The Rice family’s Blue Collar Restaurant Group recently purchased The Blue Lion, a popular fine dining restaurant that dates back 45 years. Pictured left to right from front, Brooke Rice, Nicole Davis, Denise Rice, longtime Blue Lion server Jim Weaver, assistant manager A.J. May, owner Joe Rice, and general manager Brian Izard. Ned Brown bought the restaurant in 1978 and operated it until the recent sale.

A landmark Jackson restaurant is undergoing big changes, but one of the goals is to make sure they are changes that won’t change the customer experience.

The Blue Lion deal officially closed Feb. 1, sold by Ned Brown to Joe Rice’s Blue Collar Restaurant Group. The takeover began with behind-the-scenes activity about two months before.

Rice, best known as owner of Sidewinders American Grill, Merry Piglets Mexican Grill and Bubba’s BBQ, said he plans no big alteration in what diners will experience at The Blue Lion.
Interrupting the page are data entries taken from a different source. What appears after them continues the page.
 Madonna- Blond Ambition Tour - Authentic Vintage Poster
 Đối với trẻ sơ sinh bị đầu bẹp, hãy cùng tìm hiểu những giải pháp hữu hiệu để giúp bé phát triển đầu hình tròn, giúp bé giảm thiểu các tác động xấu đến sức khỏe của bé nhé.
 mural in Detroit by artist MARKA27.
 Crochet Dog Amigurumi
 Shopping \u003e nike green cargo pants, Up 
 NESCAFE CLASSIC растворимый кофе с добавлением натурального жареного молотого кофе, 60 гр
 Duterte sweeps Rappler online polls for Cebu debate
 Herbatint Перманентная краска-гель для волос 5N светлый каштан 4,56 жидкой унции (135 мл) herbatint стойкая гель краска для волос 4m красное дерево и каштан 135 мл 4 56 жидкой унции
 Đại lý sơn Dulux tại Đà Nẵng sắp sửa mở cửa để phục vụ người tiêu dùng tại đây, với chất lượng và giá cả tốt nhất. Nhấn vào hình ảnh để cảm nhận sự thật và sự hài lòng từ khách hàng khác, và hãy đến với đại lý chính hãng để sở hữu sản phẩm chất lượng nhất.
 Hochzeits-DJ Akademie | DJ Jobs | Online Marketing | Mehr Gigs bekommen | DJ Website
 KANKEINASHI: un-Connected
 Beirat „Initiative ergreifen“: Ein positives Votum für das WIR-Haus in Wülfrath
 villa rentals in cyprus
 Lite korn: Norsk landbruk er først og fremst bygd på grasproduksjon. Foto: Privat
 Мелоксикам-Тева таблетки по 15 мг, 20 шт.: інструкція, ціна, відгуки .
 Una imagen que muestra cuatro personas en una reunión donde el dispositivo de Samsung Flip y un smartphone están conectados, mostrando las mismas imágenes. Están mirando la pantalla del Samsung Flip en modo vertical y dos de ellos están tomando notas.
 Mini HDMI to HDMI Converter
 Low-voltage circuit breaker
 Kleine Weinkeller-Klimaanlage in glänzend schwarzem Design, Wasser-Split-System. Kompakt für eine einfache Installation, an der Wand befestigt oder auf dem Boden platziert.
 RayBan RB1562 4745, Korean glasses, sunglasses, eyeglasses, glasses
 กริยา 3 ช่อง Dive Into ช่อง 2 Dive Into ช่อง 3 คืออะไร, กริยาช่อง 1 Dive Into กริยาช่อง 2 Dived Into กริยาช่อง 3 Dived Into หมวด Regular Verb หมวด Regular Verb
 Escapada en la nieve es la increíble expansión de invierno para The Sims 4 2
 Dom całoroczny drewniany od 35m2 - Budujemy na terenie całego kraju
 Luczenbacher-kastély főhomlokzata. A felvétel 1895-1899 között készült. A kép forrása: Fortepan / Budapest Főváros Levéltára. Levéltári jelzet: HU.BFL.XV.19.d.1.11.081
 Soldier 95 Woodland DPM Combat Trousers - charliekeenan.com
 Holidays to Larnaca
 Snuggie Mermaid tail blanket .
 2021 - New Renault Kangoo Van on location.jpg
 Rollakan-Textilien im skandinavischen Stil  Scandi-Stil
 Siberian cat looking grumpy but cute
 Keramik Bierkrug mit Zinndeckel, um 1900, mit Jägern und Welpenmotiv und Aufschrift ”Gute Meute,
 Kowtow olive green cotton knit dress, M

“The first thing people say is, ‘Oh, my God, you’re not changing it?’” Rice said a few days ago. “And I say, ‘Of course not, why would we do that?’

“We’re keeping it as it is; nothing’s changing,” he said.

That was a deciding factor, Brown said: “I’m glad to hear that he’s going to keep it just the way it is, which is what I wanted.”

The Blue Lion was one of Jackson’s earliest fine dining restaurants, started in 1976 by French-trained chef Karen Scott. She sold to Brown in 1978. Operating in a remodeled house built in the 1930s, it’s best known for its lamb, elk and fish dishes and also for its distinctive mud pie.

Brown is retiring after a restaurant career spent almost entirely with one establishment, though he had restaurant jobs in Colorado while he went to college. After graduating he came almost immediately to Jackson and learned The Blue Lion was for sale. Brown likes to tell people that he thought, at the time, of making The Blue Lion a barbecue joint or a Mexican restaurant but decided to stay with what his employees knew and what customers had already come to expect.

Chef Tim Libassi was in the kitchen for more than 25 years, and “came back in to help train Joe’s cooks” to adjust to a new menu, Brown said, and “make sure we were doing things the way he did them,” according to Rice. Brown said Libassi “helped create the Blue Lion and what it’s known for.”

Some employees have been at The Blue Lion for more than two decades, Rice said, and he said he’s happy to have many stay. Brown mentioned Jim Weaver and Rob Cerami, both with about 25 years on staff, waiters “who people ask for.”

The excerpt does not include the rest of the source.